К веранде бодро шагал высокий, широкой кости мужчина лет около пятидесяти. За ним еле поспевал коноваловский работник, спешащий доложить хозяевам о приезде гостей. Позади, никуда не торопясь, степенно шествовал совсем седой благообразный старик, похожий на епархиального владыку – такой же строгий и величественный.

– Никанор Алексеевич и Михаил Максимович пожаловали, – доложил мужик, сумевший-таки опередить своевольного гостя. Тот, увидев хозяев, отставил в сторону трость и широко раскинул руки, словно собираясь обнять сидящих на веранде:

– Александр Петрович! Позвольте засвидетельствовать моё глубочайшее почтение. Очень рад, что согласились принять. И Никанор Алексеевич со мной. Очень, говорит, хочу повидаться, нынче редко встречаемся.

– Я прикажу обед подавать, – сказала Екатерина Ивановна. – Покушайте с дороги.

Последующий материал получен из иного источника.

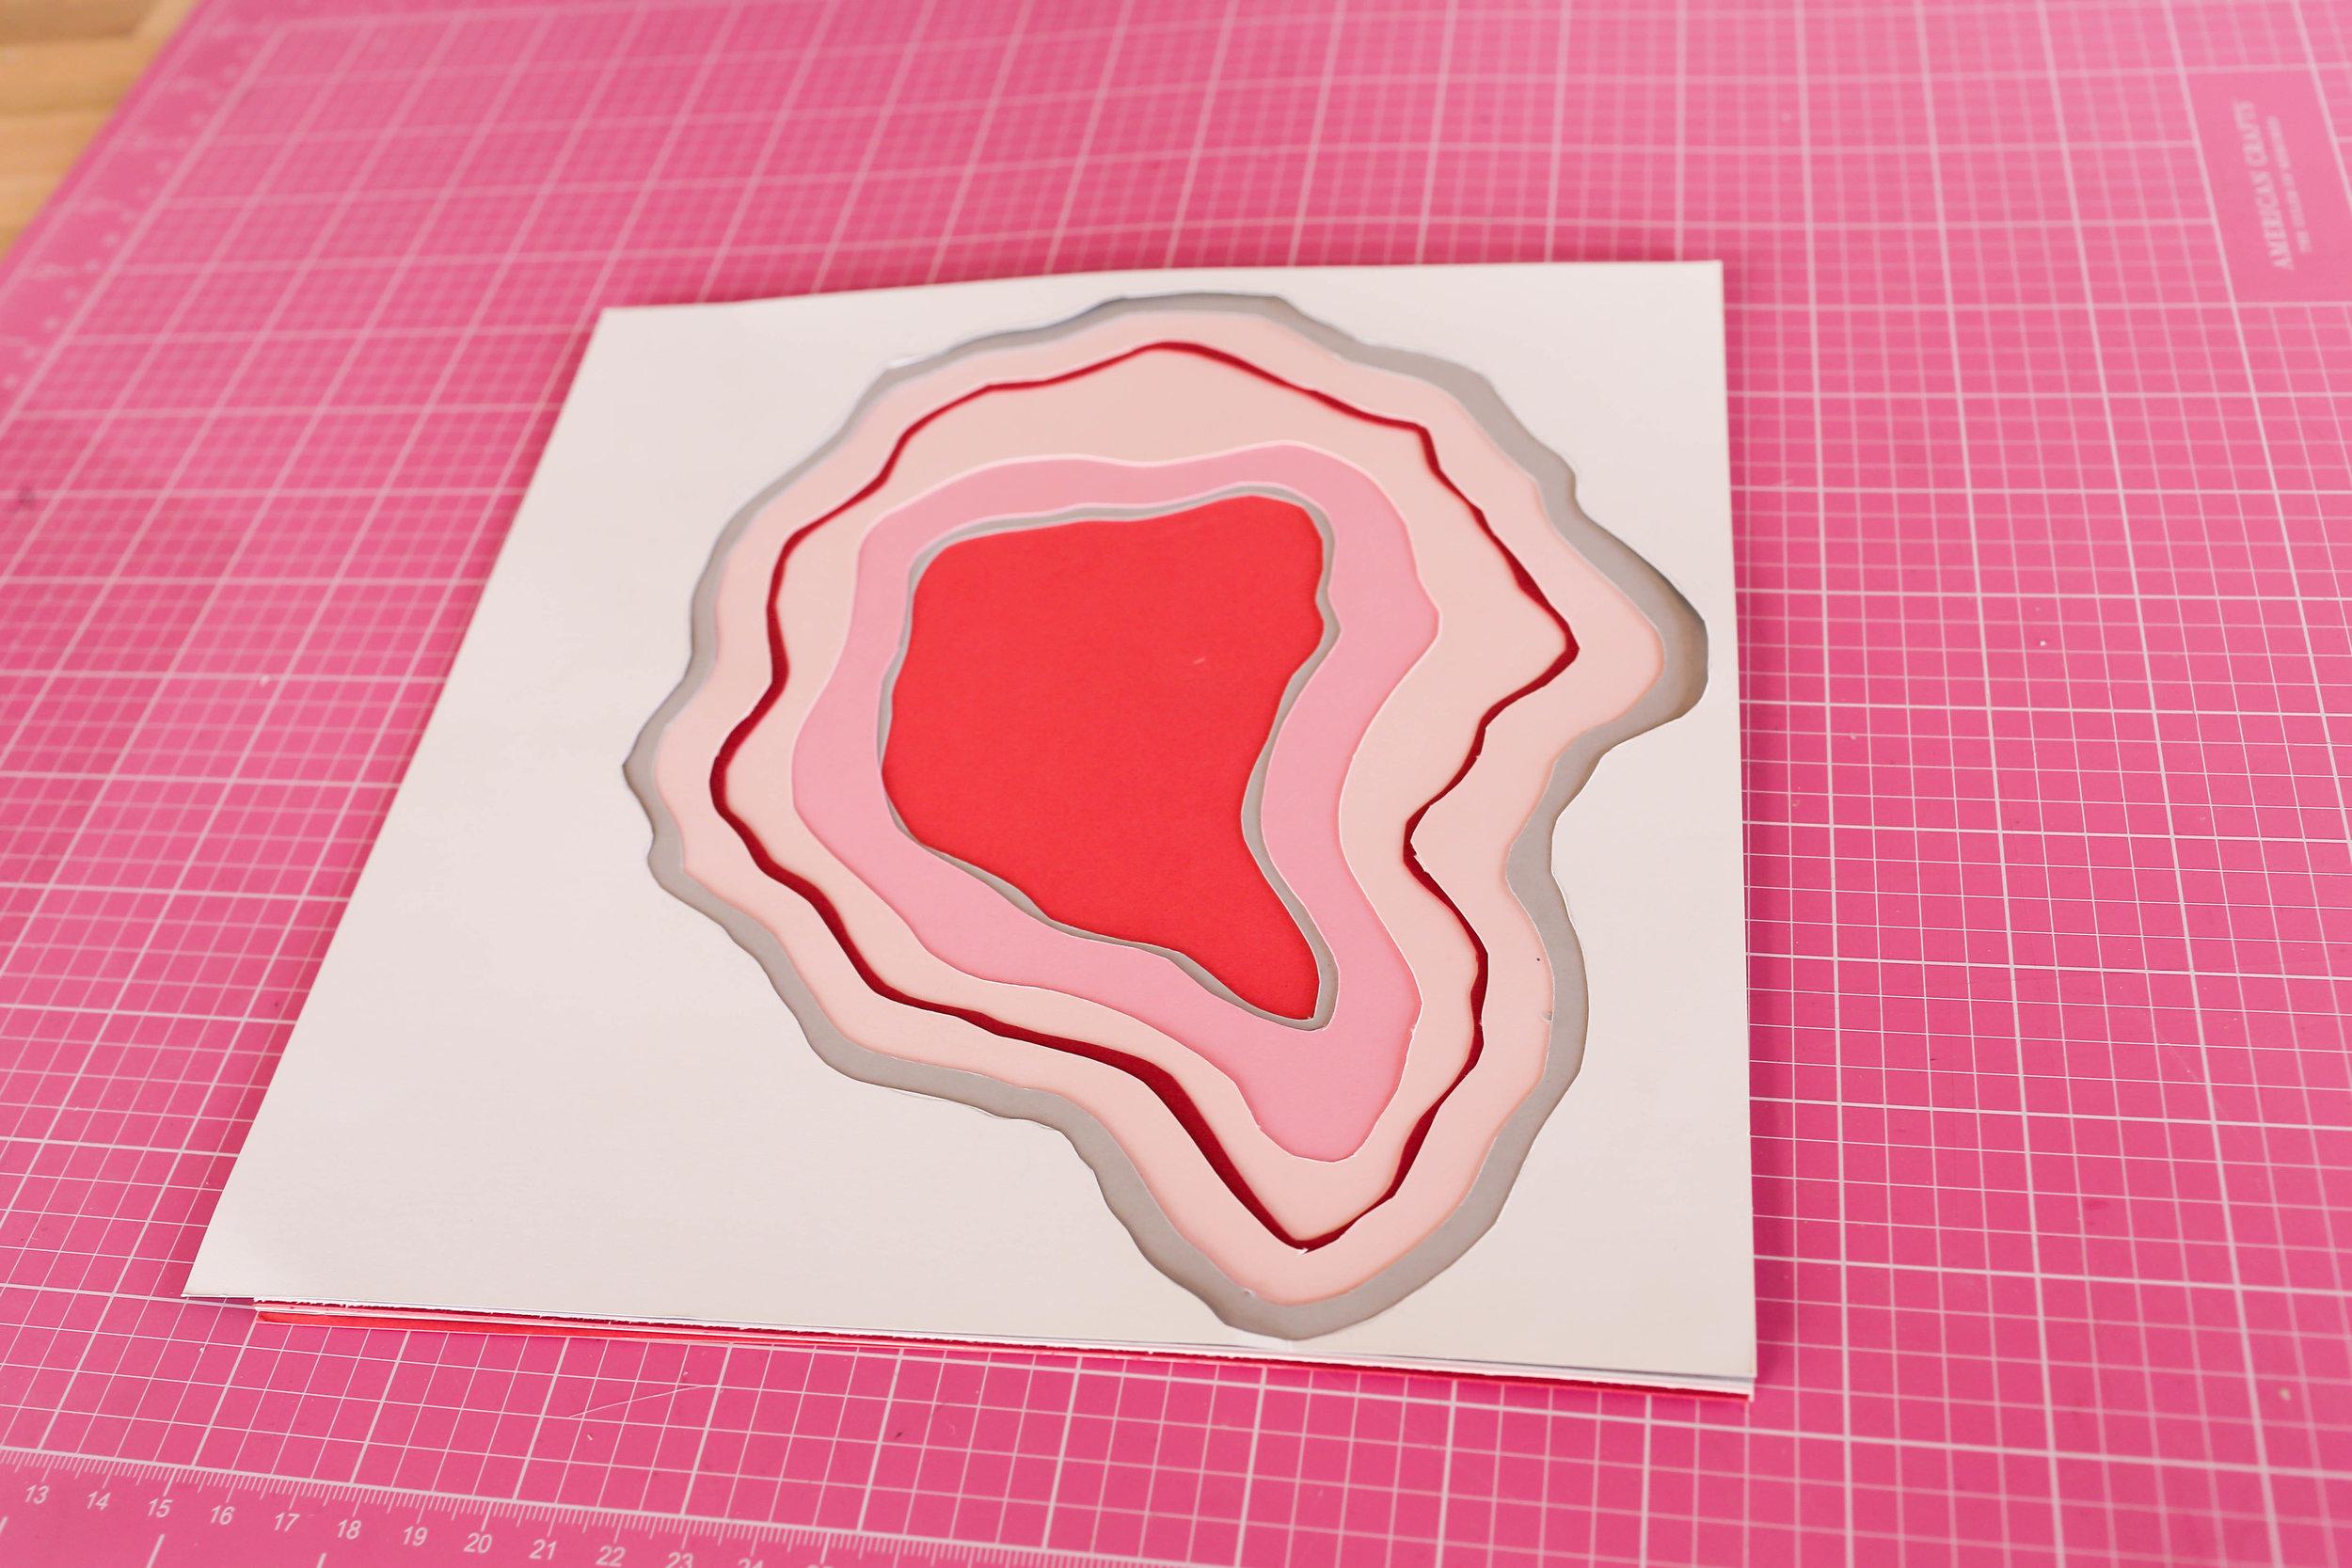 Geode Pt 1-4.jpg
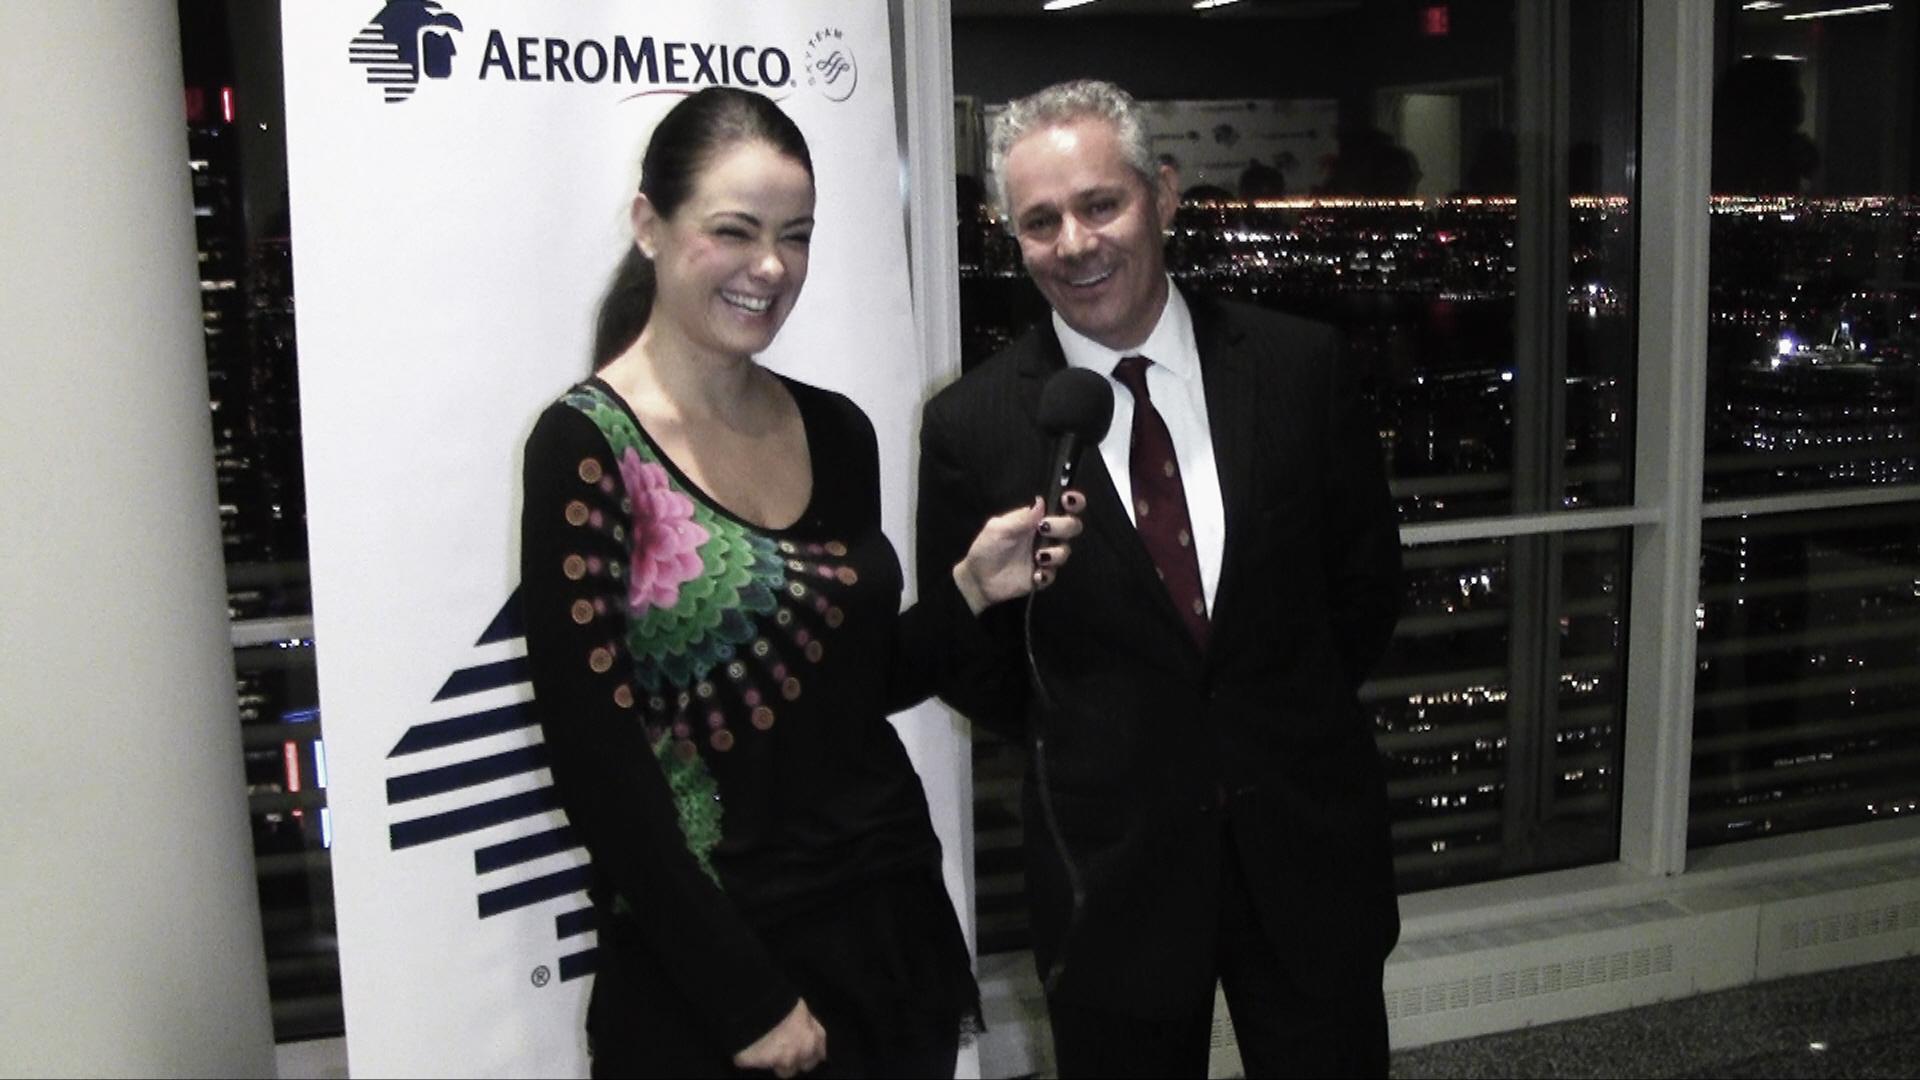 New Service 2014 - AeroMexico

– Екатерина Ивановна, не беспокойтесь, прошу вас. Мы сами из-за стола, не утруждайтесь. Нам бы дело обговорить, а о вашем хлебосольстве легенды ходят – потом не задремать бы, – гость громко рассмеялся.

Мама ушла в дом, чтобы не мешать беседе, Саша тоже было собрался, но дед показал ему, чтобы оставался. Матрёна тотчас же сноровисто расставила на столе наливки и какие-то кушанья.

– Здравствуй, Михаил Максимович, – сказал Александр Петрович.

– Что за юноша с вами? Внук? – спросил Кормилицын, поняв, что мальчик останется при их разговоре.

– Да, это внук – Александр Иванович Коновалов, – дед чуть подвинул юношу вперёд. – А это Михаил Максимович Кормилицын, купец 1-й гильдии, товарищ Никанора Алексеевича по мануфактурному делу.

– Ну, здравствуй, Александр Иванович, – Кормилицын протянул юноше руку, – Значит у деда учишься. Это правильно. Если сызмальства в дело вникаешь, на практике всё узнаёшь – это лучше всякого образования будет. Александр Петрович для нас всех лучший университет, у такого всем бы поучиться не зазорно.

Чувствовалось, что гость говорит любезности не совсем искренне, просто отдавая дань традициям. Слишком тороплива была его речь, слишком заметно желание побыстрее закончить положенный церемониал приветствия и приступить к делу. Наконец на веранду поднялся и второй гость.

– Здравствуй, Александр Петрович. Давненько мы с тобой не виделись. Вижу бодрость телесная тебя не оставляет, благодарение Господу. А я вот что-то совсем немощный стал. – Разорёнов обнял подошедшего Коновалова. А это неужели Саша, Ивана сын? Как вырос!

– Здравствуй, Никанор Алексеевич. Рад тебя видеть. Это внук, здесь посидит. Не помешает, думаю, он нашей беседе.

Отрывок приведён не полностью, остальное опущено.